Una tecnica la fecondazione assistita, in un singolo microinjection di sperma utilizzabile in un ovulo estratto è utilizzato principalmente per superare bassa conta spermatica, della motilità spermatica bassa, incapacità di sperma per penetrare l'uovo, o altre condizioni di sterilità, infertilità maschile (maschio).

Il DNA presente nel tessuto neoplastico.

Produzione di nuovi accordi di DNA da vari meccanismi quali assortimento, la segregazione, LIVELLO finita; Ehi CONVERSION; genetico trasformazione; genetico coniugazione; genetico trasduzione; o infezione dei virus.

Rappresentazioni teorico che simula il comportamento o dell 'attività degli processi genetici o fenomeni e includono l ’ uso di equazioni matematiche, computer e altre apparecchiature elettroniche.

Tracce riscontrabili di organismi e ereditabile cambiamento nel materiale genetico che causa un cambiamento del genotipo e trasmesse a figlia e ai diversi generazioni.

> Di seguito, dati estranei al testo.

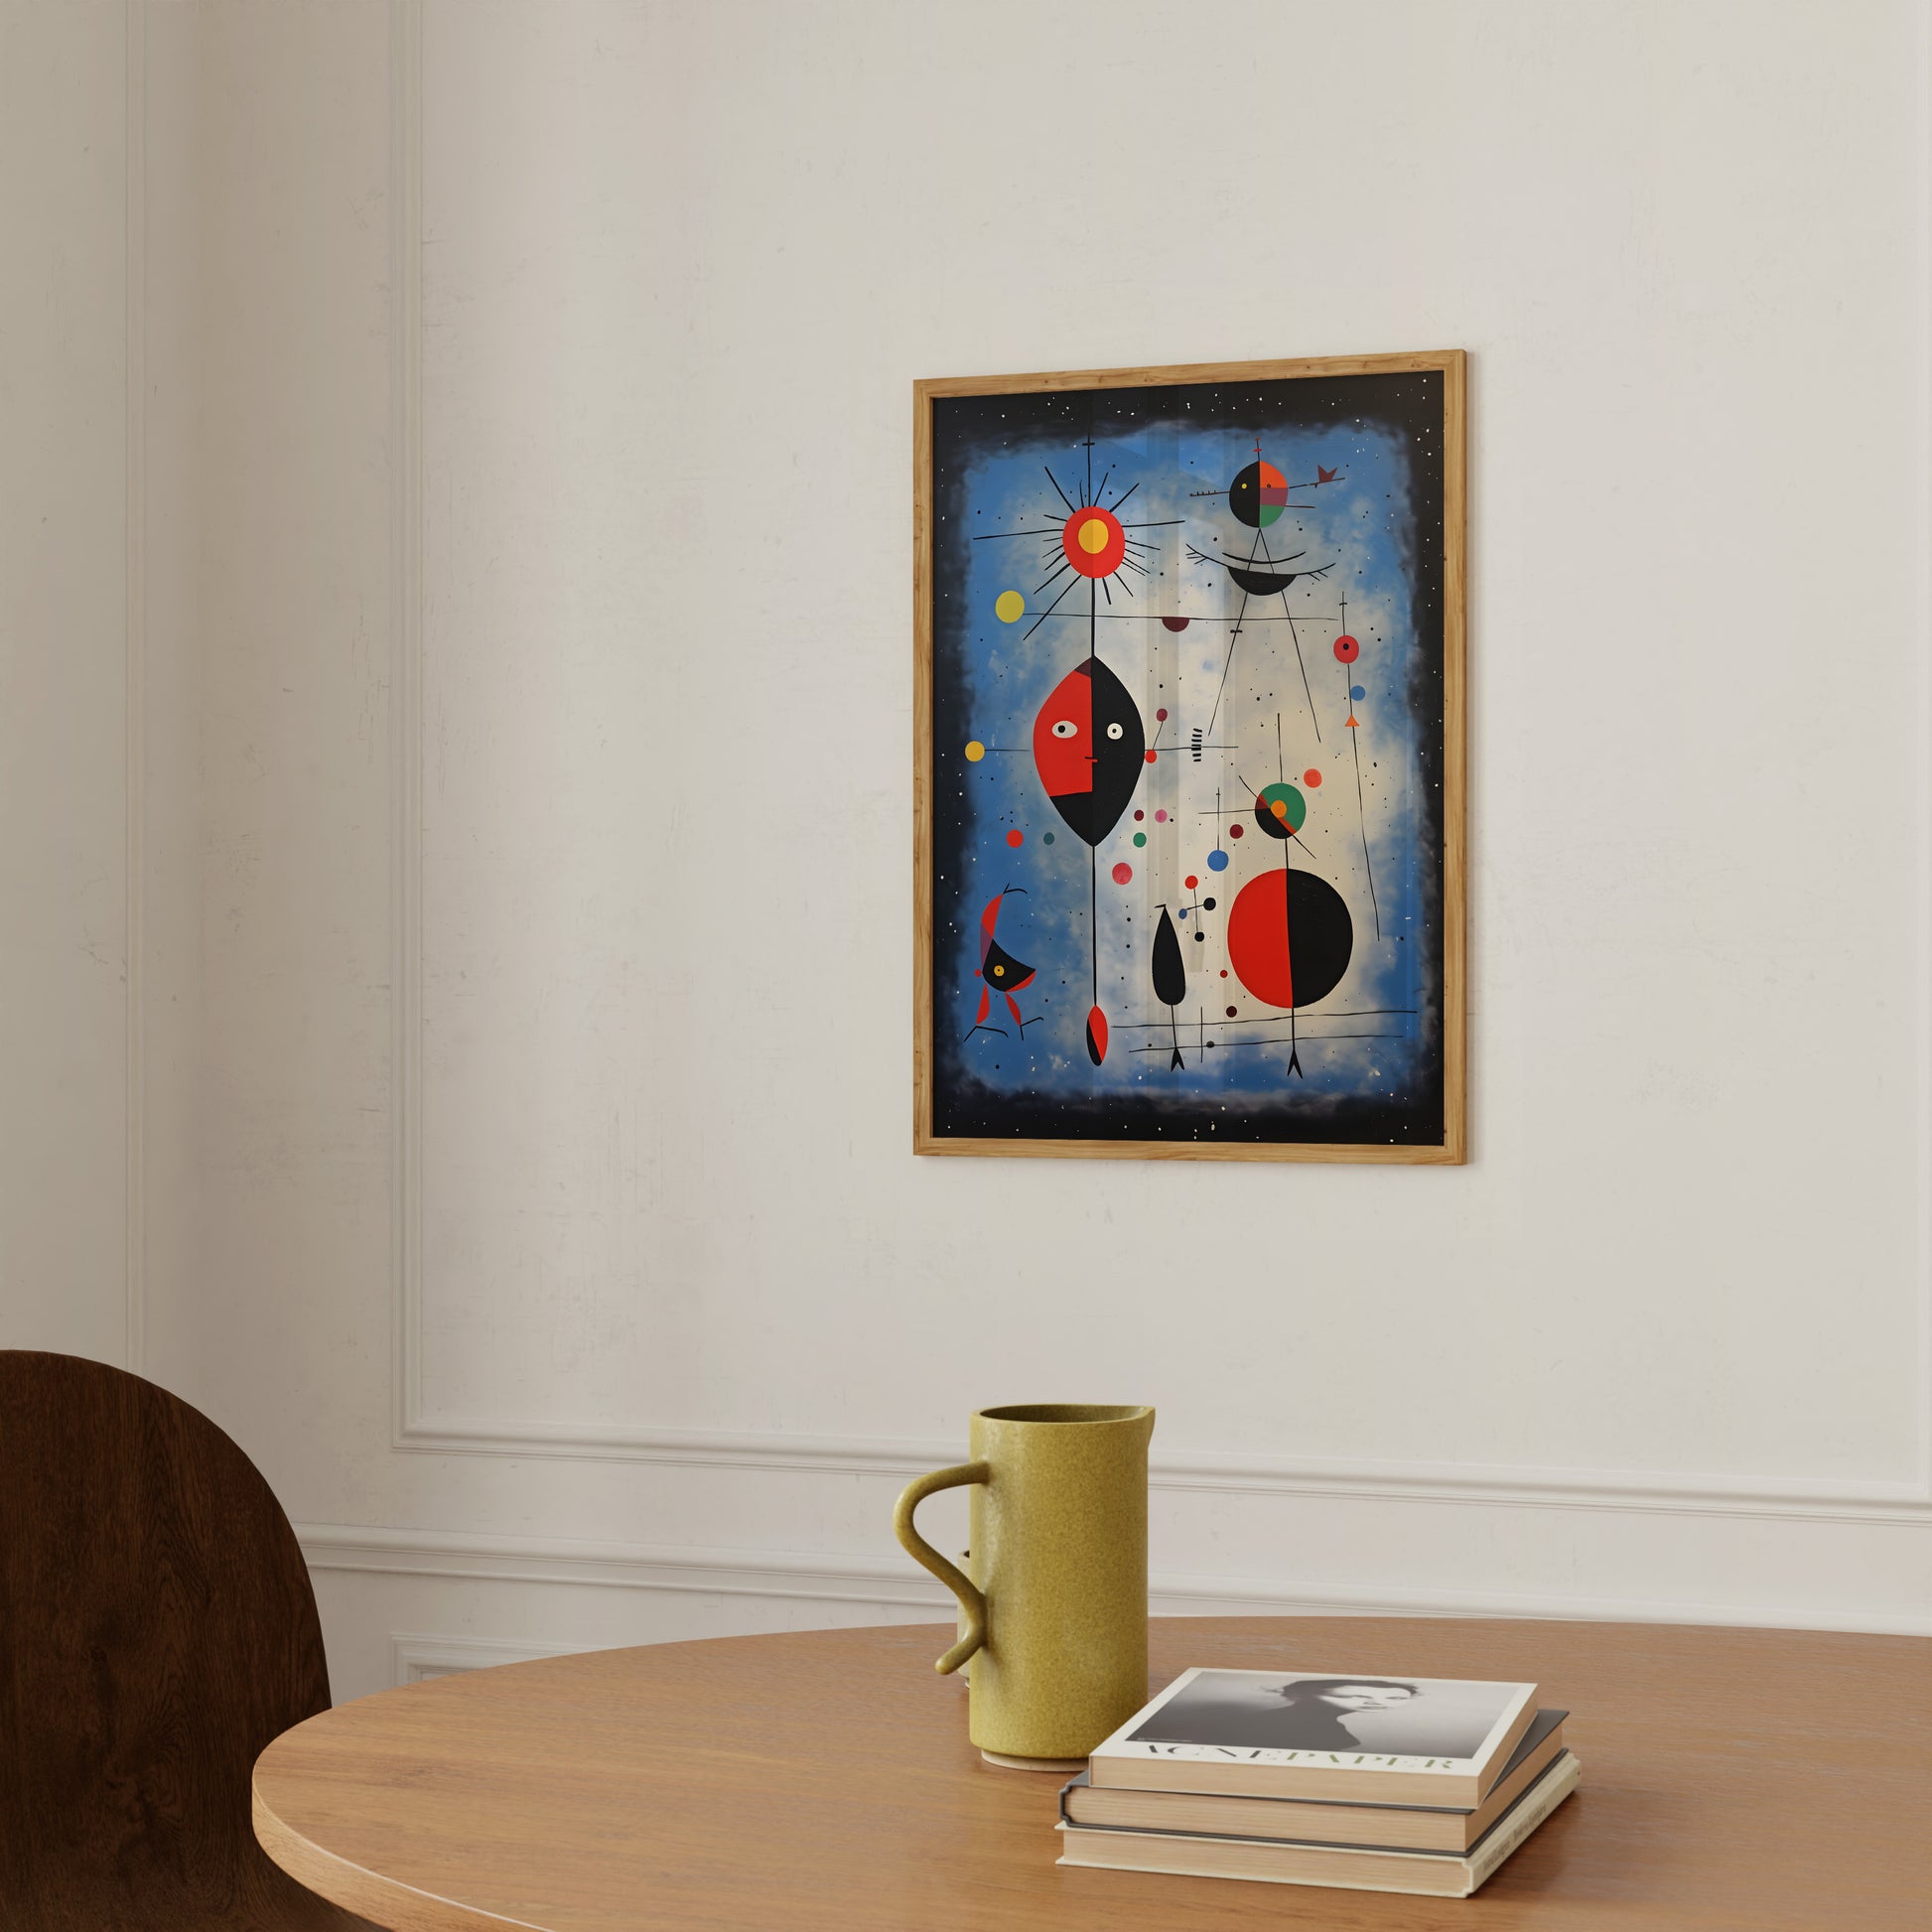 An abstract space-themed painting on a wall above a table with a mug and books.

Tecnica sistema usando un attrezzo per fare, la lavorazione, e mostrando uno o più misure su singole cellule da una sospensione di cellule, cellule di solito sono macchiate di uno o più specifiche di tintura fluorescente componenti cellulari di interesse, ad esempio, del DNA e fluorescenza di ogni cellula is measured as rapidamente transverses il raggio laser (eccitazione o mercurio lampada fluorescenza quantitativo). Fornisce una misura di vari biochimici e Biophysical farmacocinetiche della cellula, nonché la base per cella riordinati. Altri parametri ottico misurabile includono luce assorbimento e con light scattering. Quest 'ultimo è applicabile alla misurazione della cella dimensioni, forma, la densità, macchia granularity e l ’ assorbimento.

Lavora con informazioni articoli su argomenti in ogni campo della conoscenza, di solito organizzate in ordine alfabetico, o un lavoro simile limitata ad un particolare campo o soggetto. (Dal ALA glossary of Library and Information Science, 1983)

In una cellula procariote o nel nucleo di una cellula eucariota, costituito da una struttura o del DNA che contiene le informazioni genetiche essenziale per la cellula. (Dal Singleton & Sainsbury, microbiologia Dictionary of e biologia, secondo Ed)

Qualsiasi metodo utilizzato per determinare la posizione di distanze relative tra geni e un cromosoma.

Il DNA di un batterio rappresentata nel suo DNA.